日本のポピュラーミュージックは洋楽的な要素を取り入れ、徐々に洋楽的濃度を濃くする過程の歴史といえる。そして、その一つに完成形として出来上がったのが90年代におけるJ-POP。
洋楽ではない。しかし、歌謡曲と比較すると洗練されている。このミクスチャー感は「J-POP」というワードでしか説明できない独自なジャンルだ。
シャ乱Qの音楽は完全に歌謡曲である。つまり90年代主流のJーPOPの路線とは違うところを走っている。
はっきりいってダサいのだ。
ダサいのになぜ売れたのか
吉川晃司が何かのインタビューで「どんなに洋楽が好きな奴でも、酒でべろべろに酔ってカラオケ行ったら、最終的にはシャ乱Qみたいなの歌うんだよね」というようなことを話していた記憶があるが、ホントその通りだと思う。
結局は、日本人って歌謡曲チックな音楽が歌っていて心地よいのだ。
歌っていて気持ち良いシャ乱Qの楽曲はカラオケ文化が急速に発展した90年代において、売れた要因の一つと言える。
一発屋のレッテル
シャ乱Qは94年に「上京物語」がスマッシュヒットし、「シングルベッド」「ズルい女」は2作連続でミリオンセラー。

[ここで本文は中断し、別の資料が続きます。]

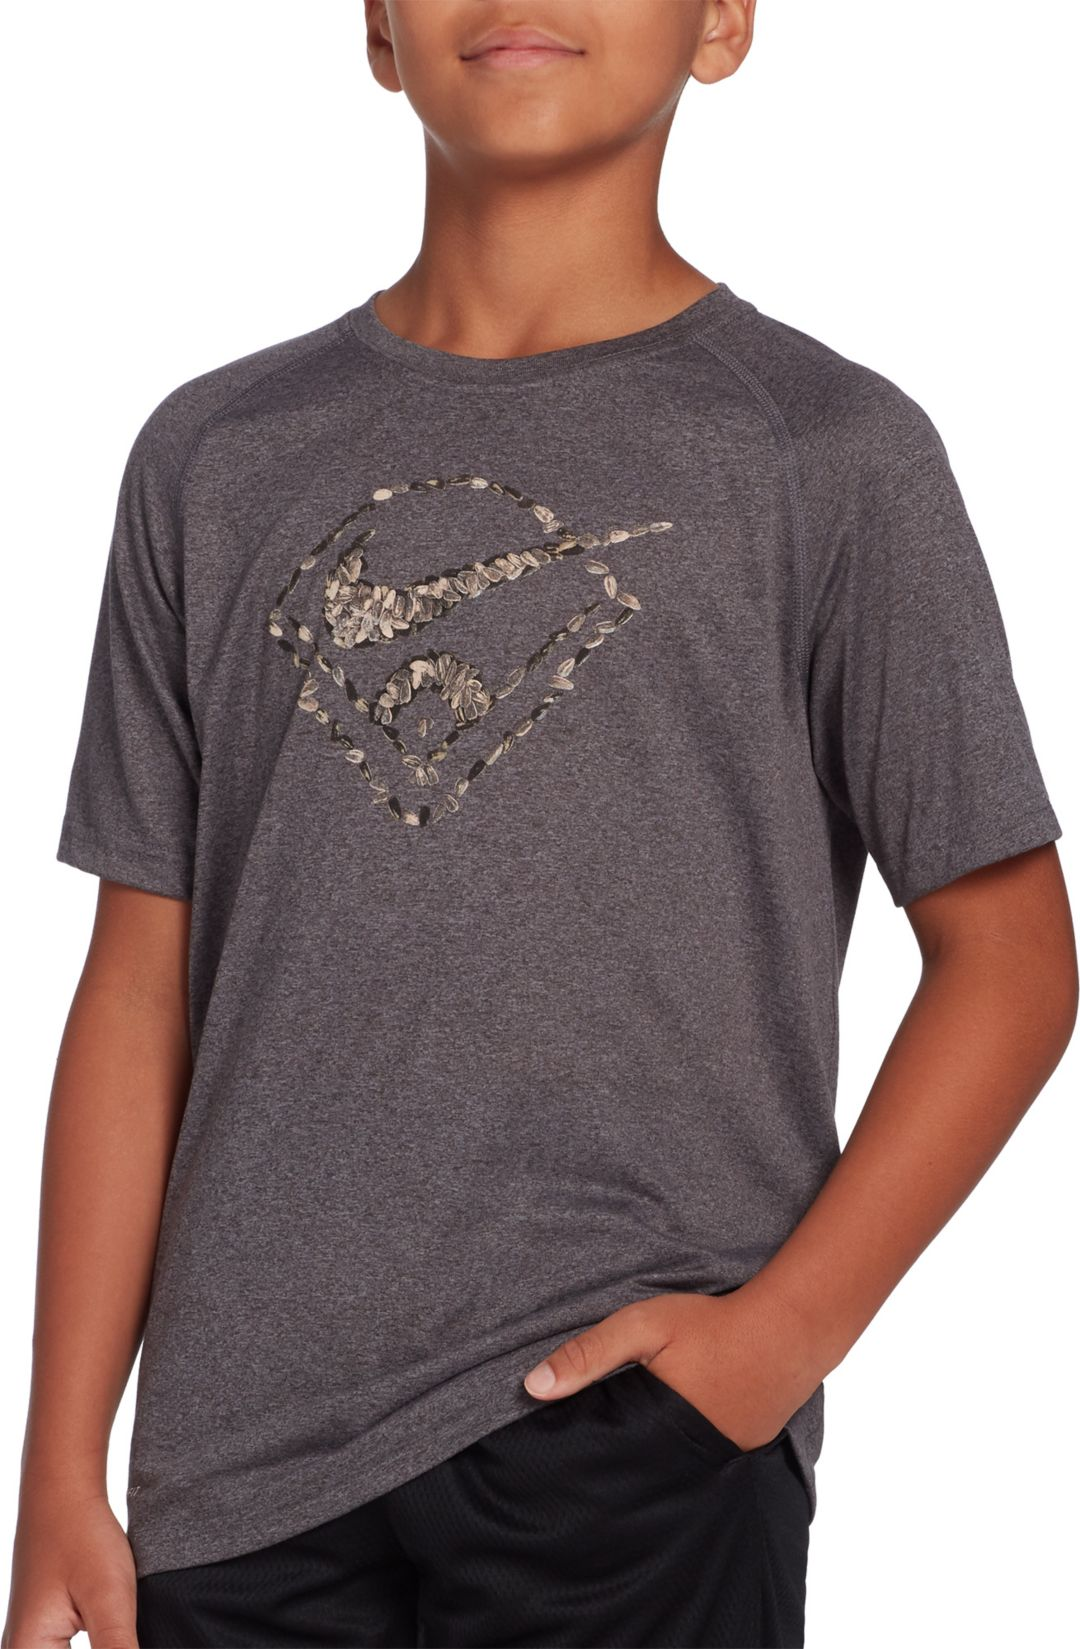 254eaf29b Nike Boys' Dri-FIT Sunflower Seeds Raglan T-Shirt | DICK'S Sporting ...

大活躍だが、シャ乱Qに貼られたレッテルは一発屋だった
僕は当時中学1年生でシャ乱Qのファンだった。しかし、当時12歳の僕でさえシャ乱Qの一発屋感はひしひしと感じていた。
ちょっとでも、イマイチな曲をリリースすれば、すぐに過去の人になってしまうであろう状況のなかでも「いいわけ」や「涙の影」などの良曲を作り、善戦していたシャ乱Q。
しかし、つんくの髪型がややロン毛気味になった頃、つまり、シングルで言うところの「そんなもんだろう」「パワーソング」辺りで、シャ乱Qの勢いは急速に落ちたように思う。そして「都会のメロディ」「ためいき」で完全に輝きが鈍くなってきたように思う。

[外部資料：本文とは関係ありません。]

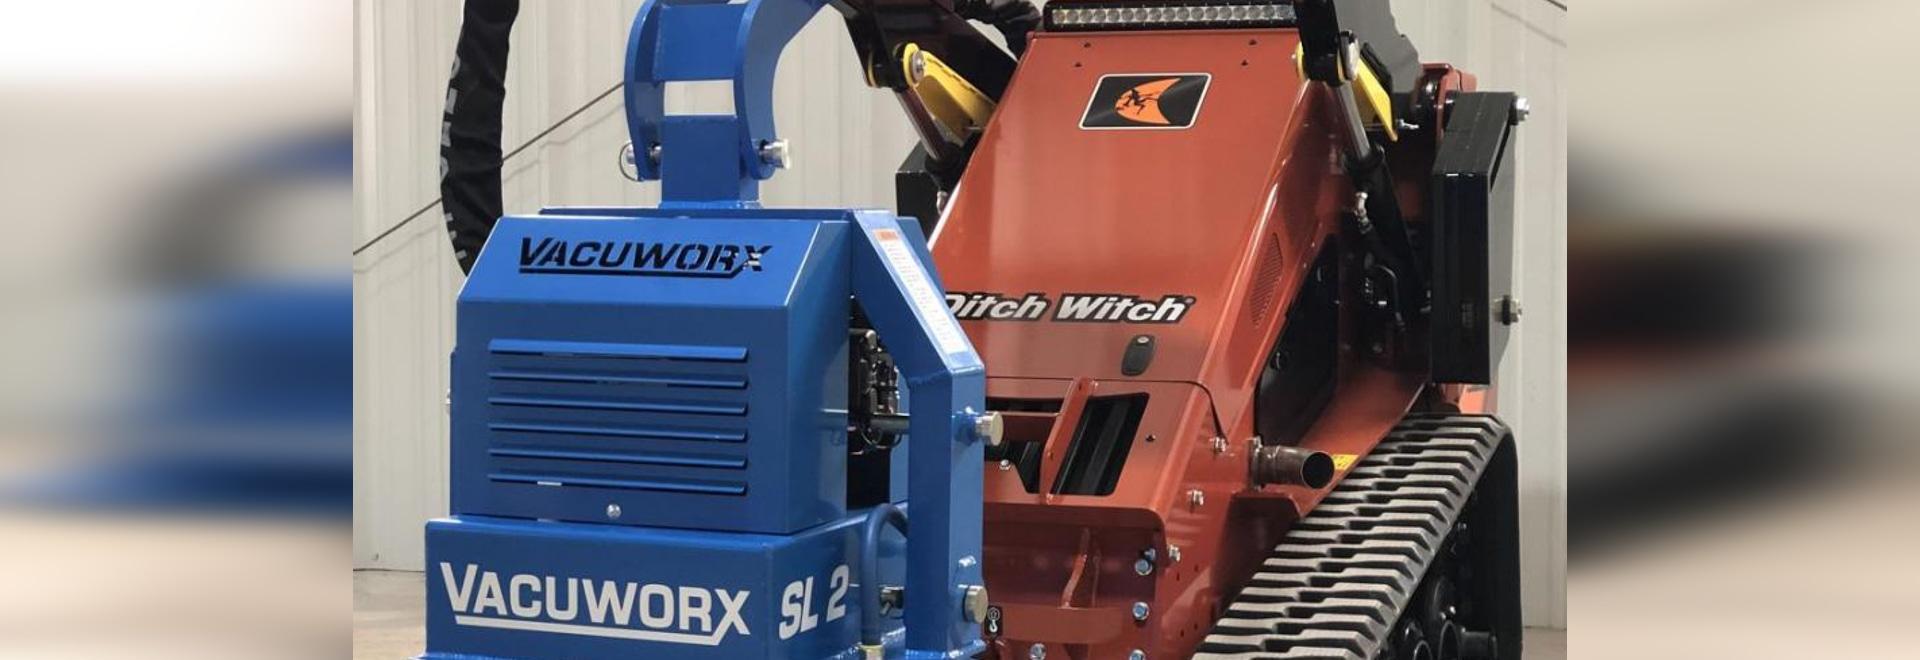 Vacuworx SL 2 Lifting System Improvements

少ないお小遣いでシャ乱Qのシングルを「ズルい女」からずっと買っていた中学生の僕だが98年10月にリリースされた「愛 Just on my Love」を最後にシャ乱QのCDを購入することはなくなった。
そして、「愛 Just on my Love」がリリースされた僅か2か月後にベースのしゅうが未成年女性への暴行が発覚。しゅうはシャ乱Qを脱退。残ったメンバーはソロ活動へ。
ワイドショーで取材陣に囲まれ申し訳なさそうに謝罪するつんくを見て、中学生の僕はなんだかやるせない気持ちになったことを今でも覚えている。
現在は?
90年代という華やかな音楽シーンのなかでも一際派手に立ち振る舞ったシャ乱Q。
2000年代以降は「ラーメン大好き小池さんの唄」をリメイクしたり「シングルベッド」をセルフカバーしたりと、ちょくちょく活動はしていたが、オリジナルアルバムを引っ提げての本格的な活動というのは無く、「現役のバンド」感は悲しいかな感じられなかった
その後2014年、喉頭がんにより、つんくが声を失ったことにより、シャ乱Qの歴史に終止符が打たれた。